As Hip Hop continues to expand, its reach finds its way into undergraduate classrooms.

One such classroom is Professor Michael Eric Dyson’s Georgetown course, SOCI-124-01 or “Sociology of Hip-Hop – Urban Theodicy of Jay-Z.”

“This class is about the politics, the culture, the racial dimensions, the class dimensions, the economic dimensions of Hip Hop culture seen through a figure like Jay-Z.” said Dyson an an interview with The Washington Post.

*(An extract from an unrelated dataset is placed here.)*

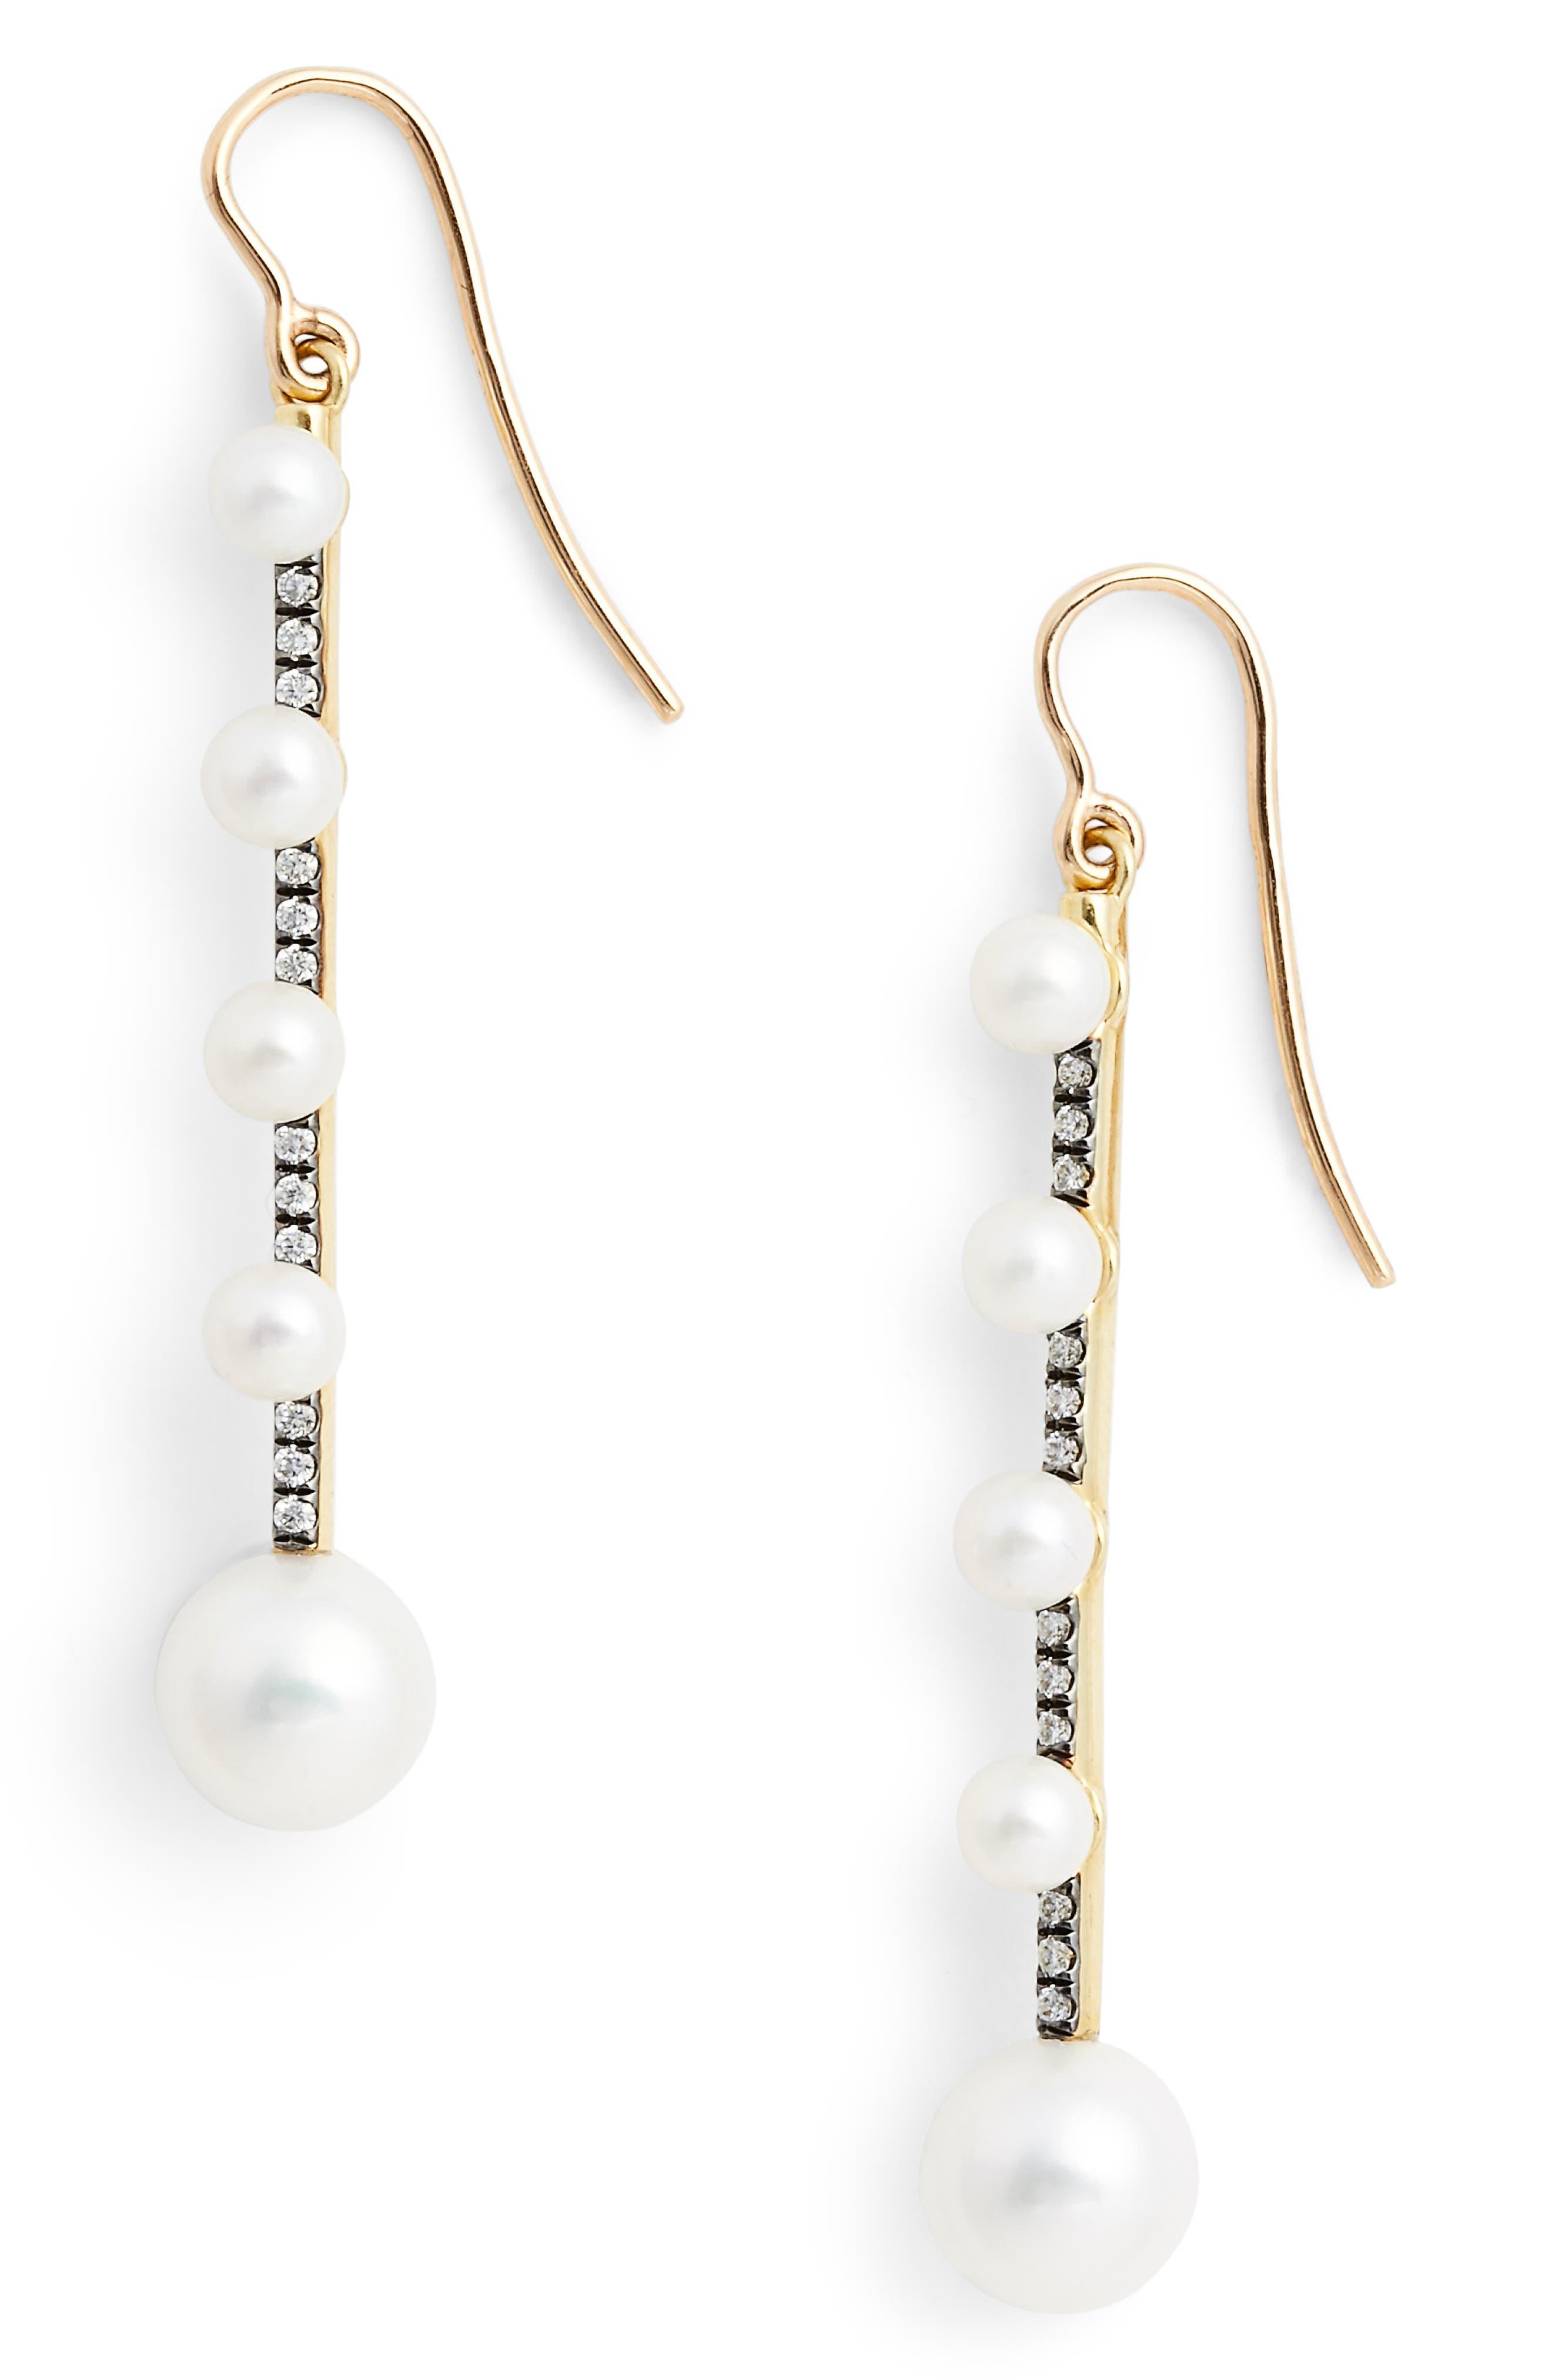 Jemma Wynne Prive Pearl & Diamond Drop Earrings

“This is not a class meant to sit around and go, ‘Oh man, those lyrics were dope,’ ” explains Dyson, who penned the book Know What I Mean? Reflections on Hip-Hop, which features an introduction from Jay-Z and an afterword from Nas. “We’re dealing with everything that’s important in a sociology class: race, gender, ethnicity, class, economic inequality, social injustice…. His body of work has proved to be powerful, effective and influential. And it’s time to wrestle with it.”

“I’m a tweener, man! I couldn’t march with Dr. King and them. And I’m too old to be a Hip Hopper,” added Dyson, who sees his role as bridging the gap between generations of music listeners that often don’t see eye-to-eye. “But I’ve been granted honorary status in each generation…. I see my tongue as a bridge over which ideas can travel back and forth.”